How to complete this task =
An exact reproduction of the listing is wanted, with the pictures dropped.

Provided material =
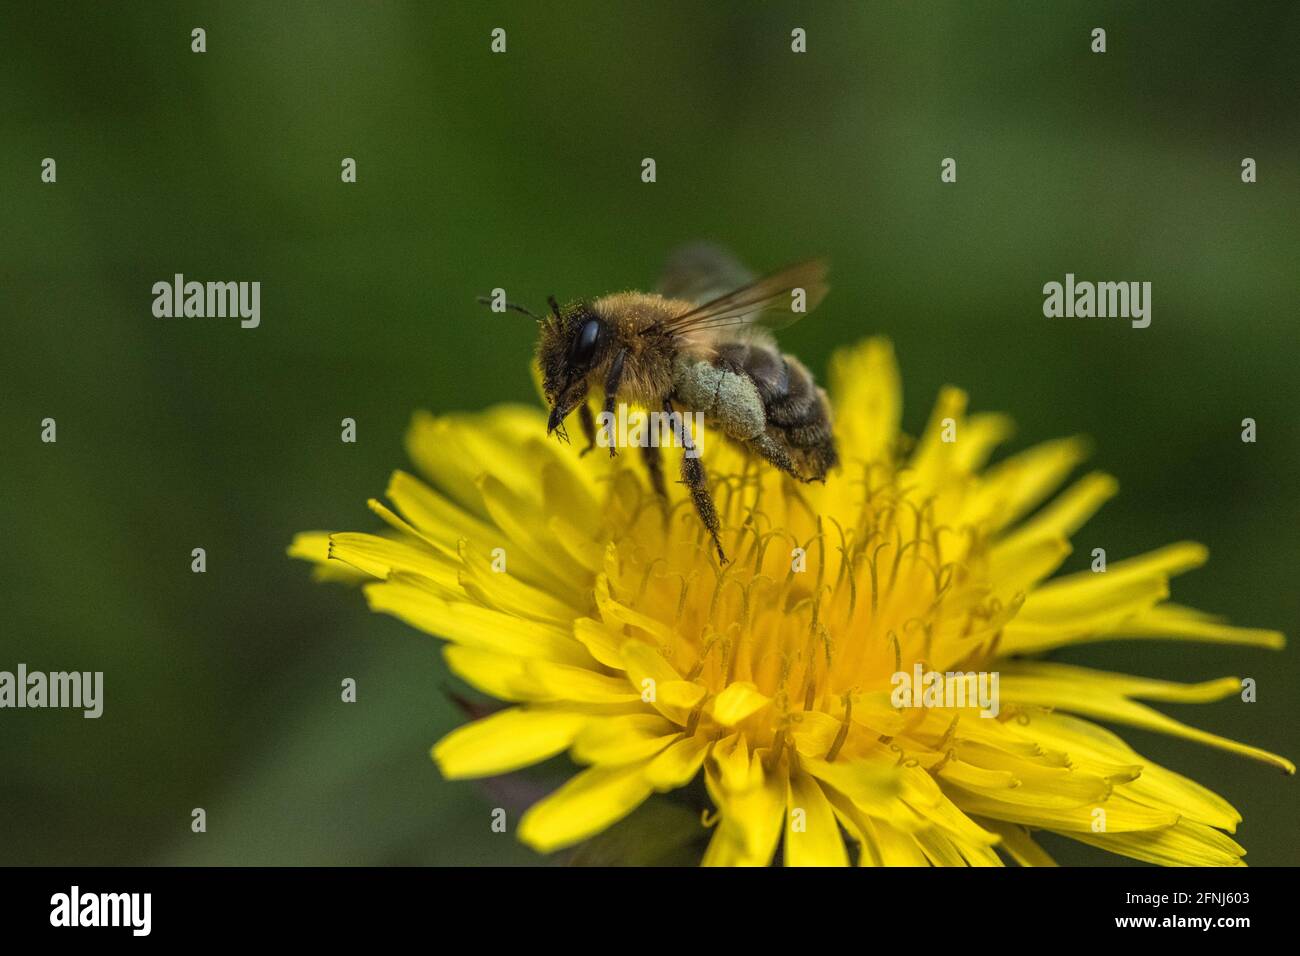 Honey Bee pollinating a Dandelion flower. Stock Photo
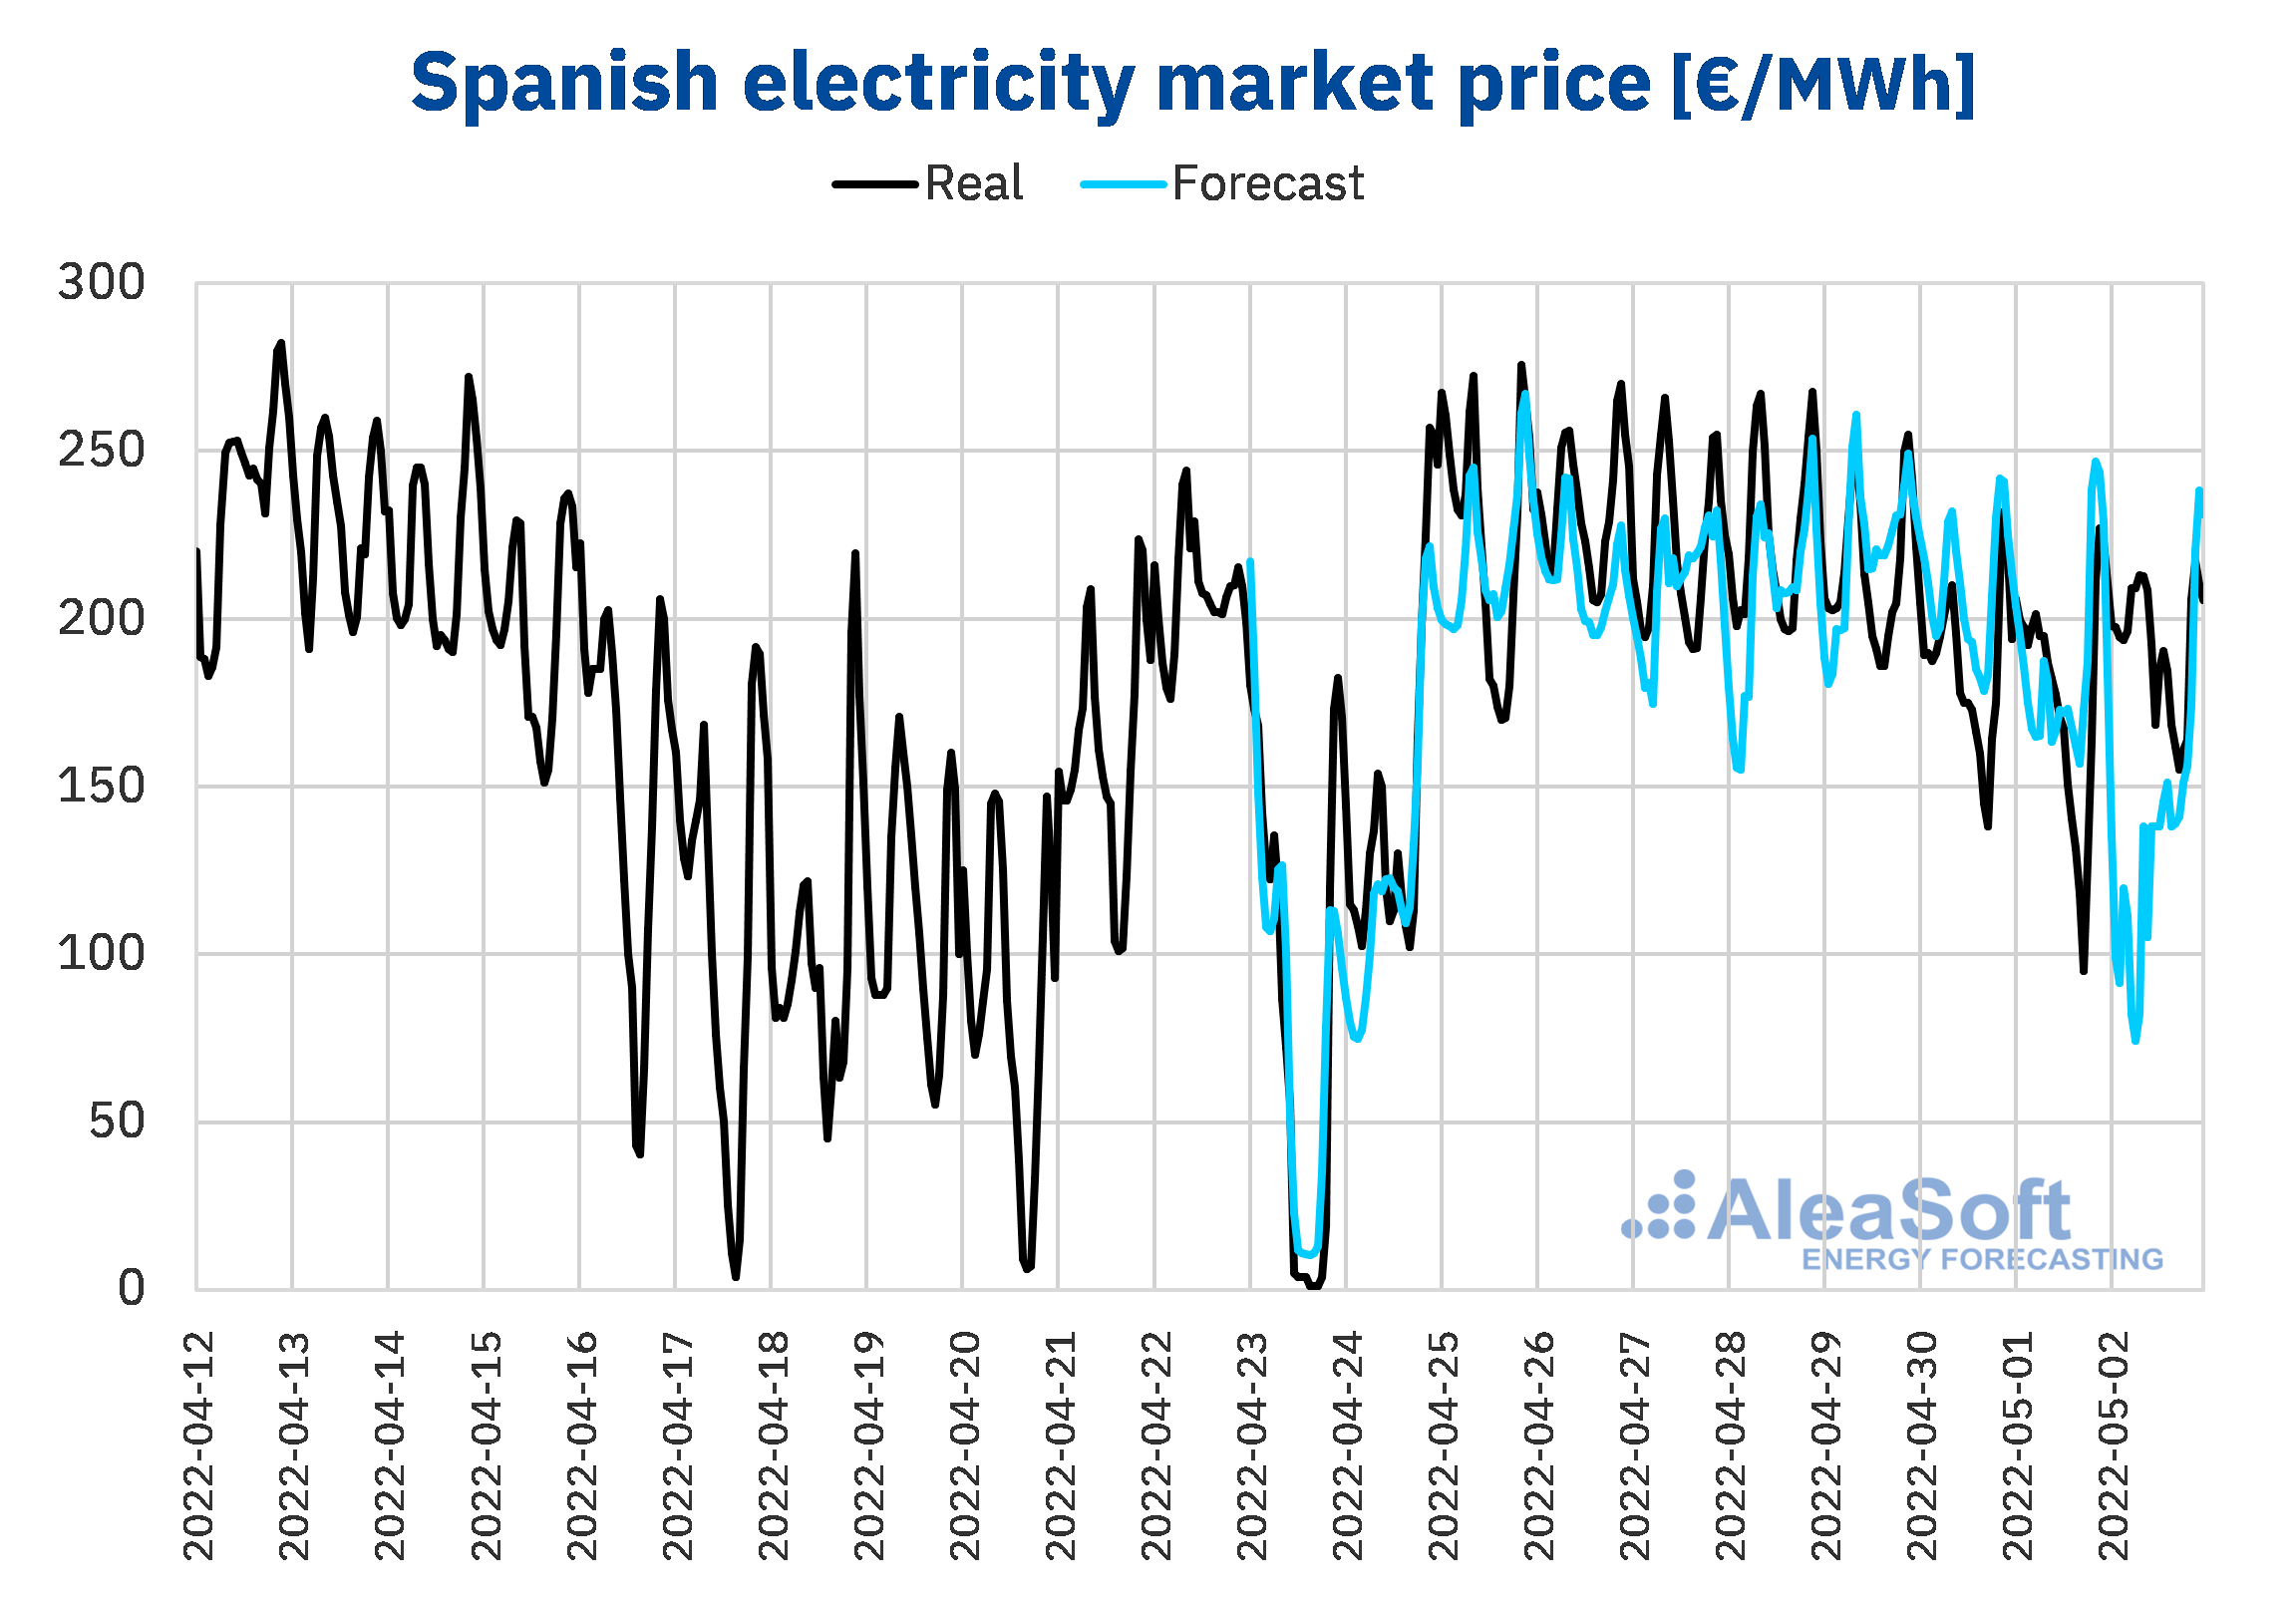 AleaSoft - mibel spain electricity market price forecasting
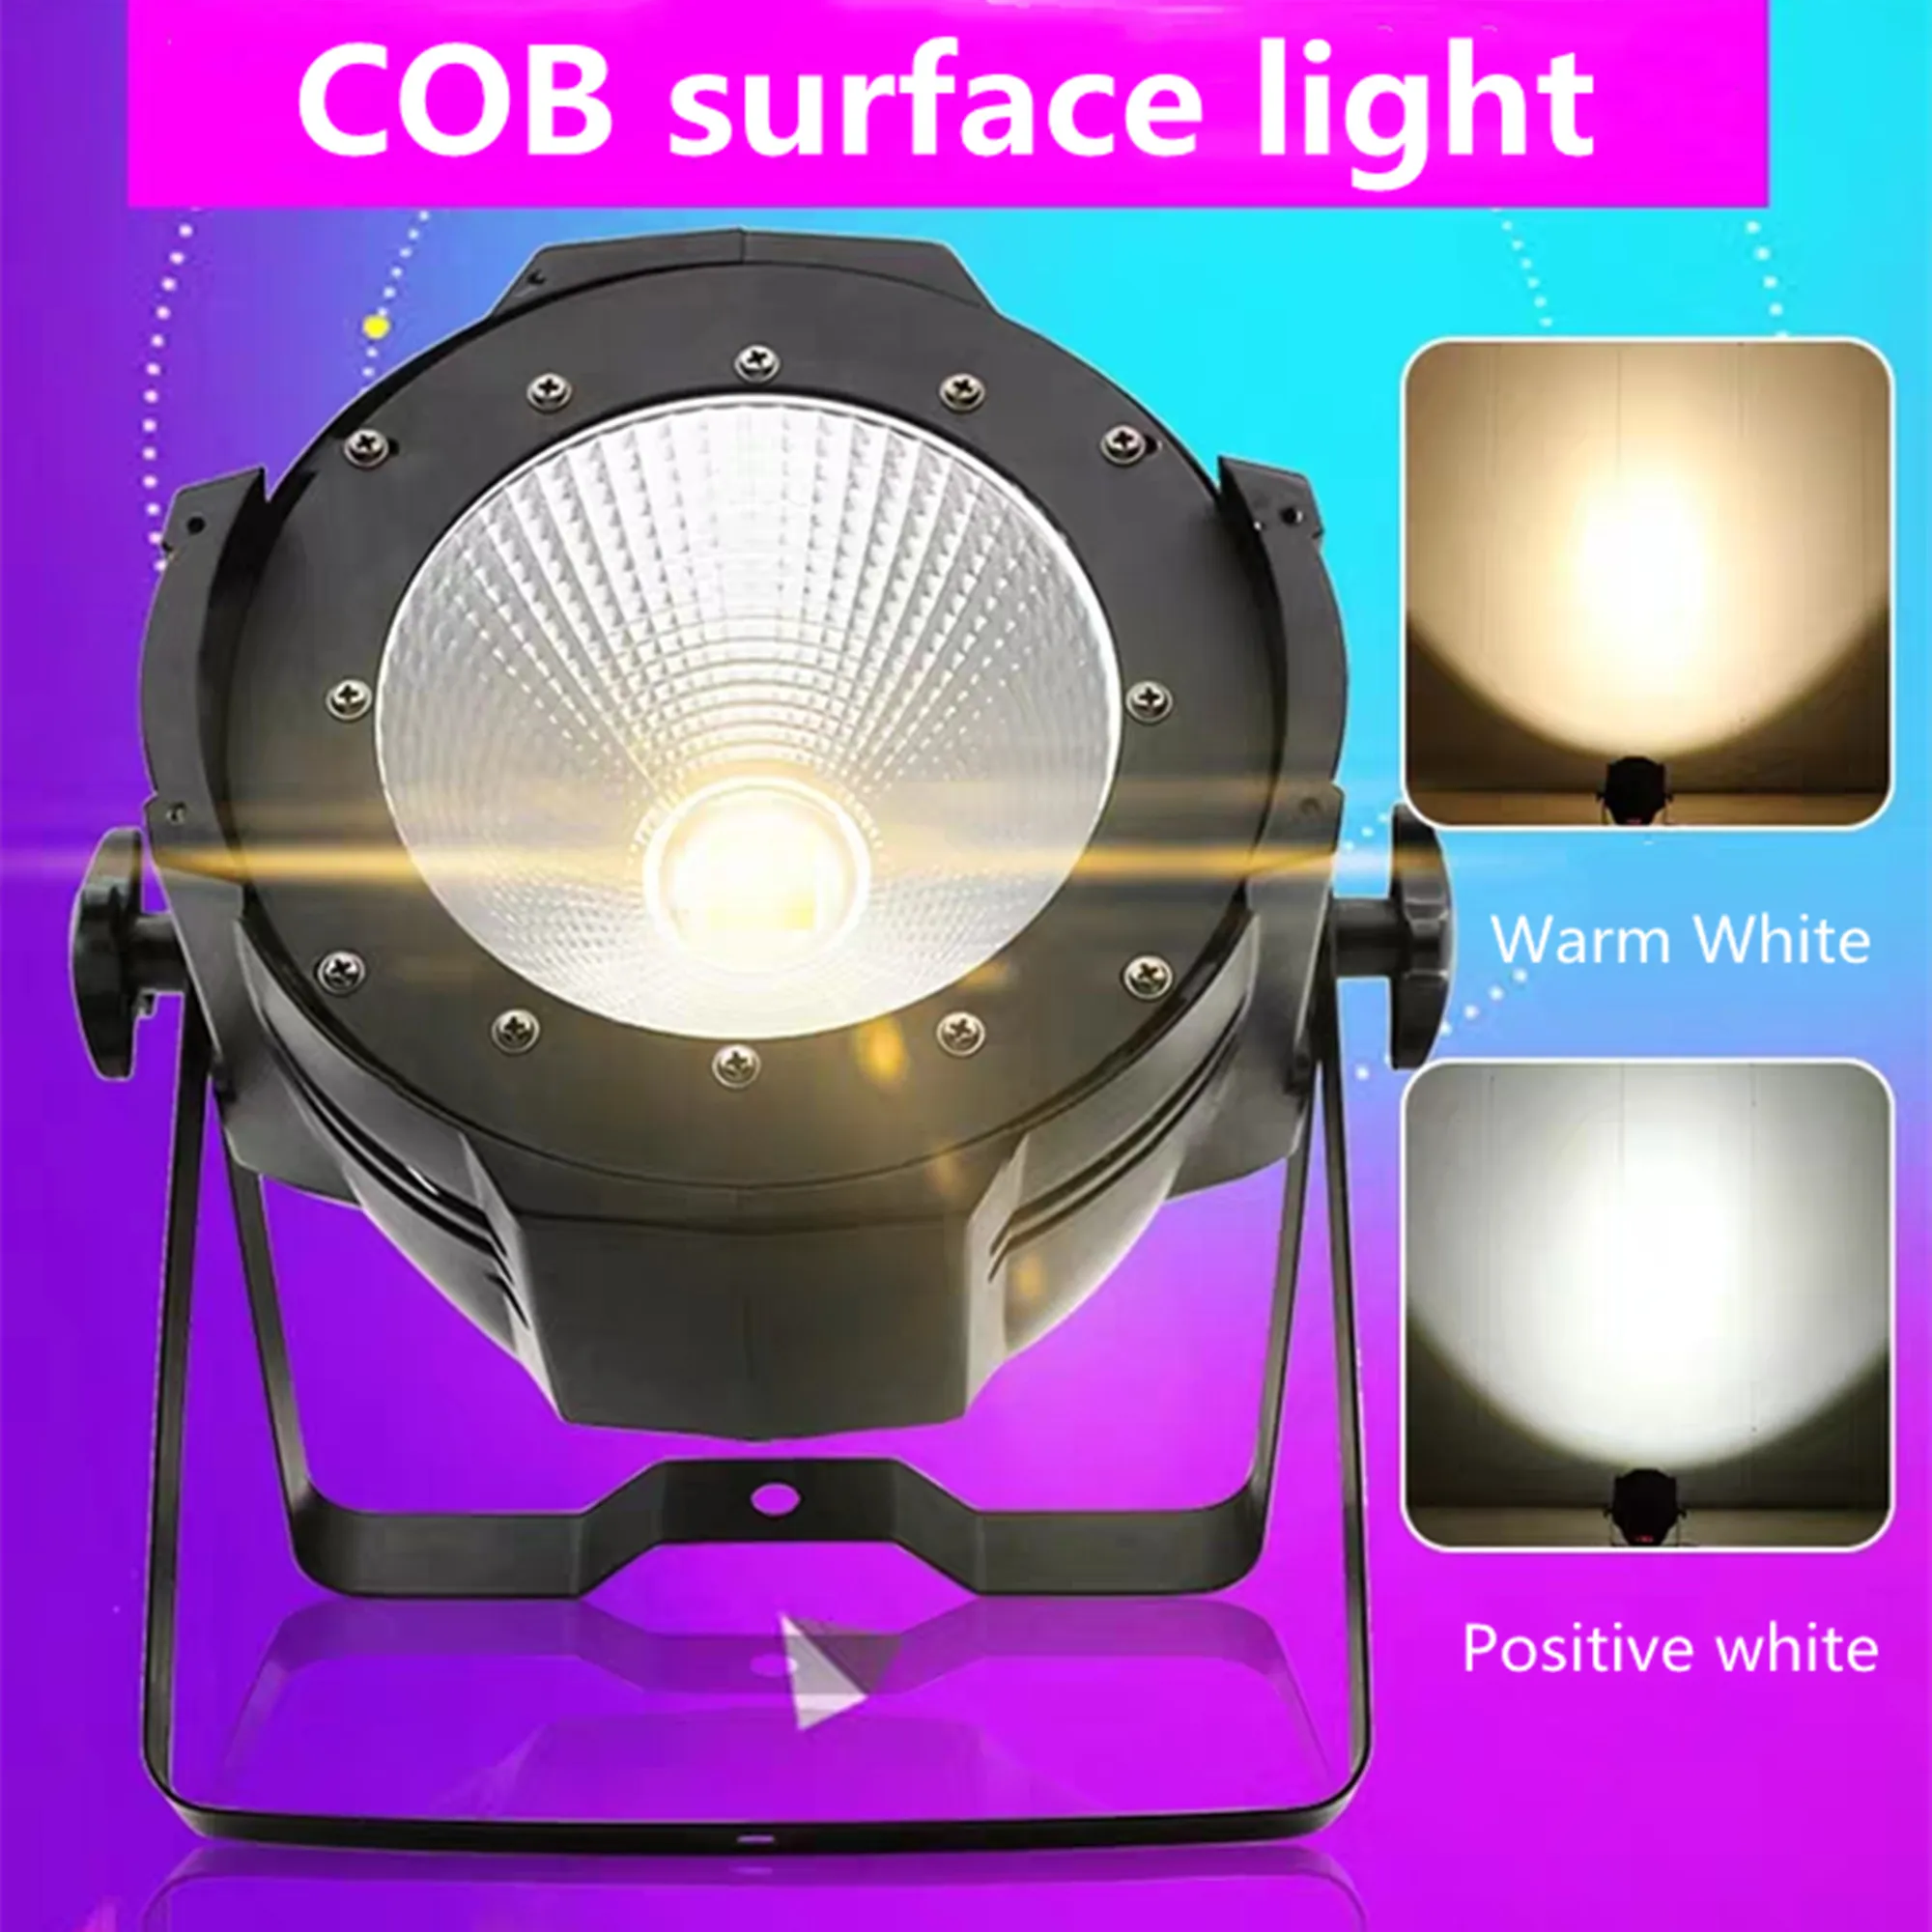 Led Par 100w COB warm white Lights led dmx control Surface light good for Performance wedding stage show party light

Solution to the problem =
 Honey Bee pollinating a Dandelion flower. Stock Photo
 AleaSoft - mibel spain electricity market price forecasting
 Led Par 100w COB warm white Lights led dmx control Surface light good for Performance wedding stage show party light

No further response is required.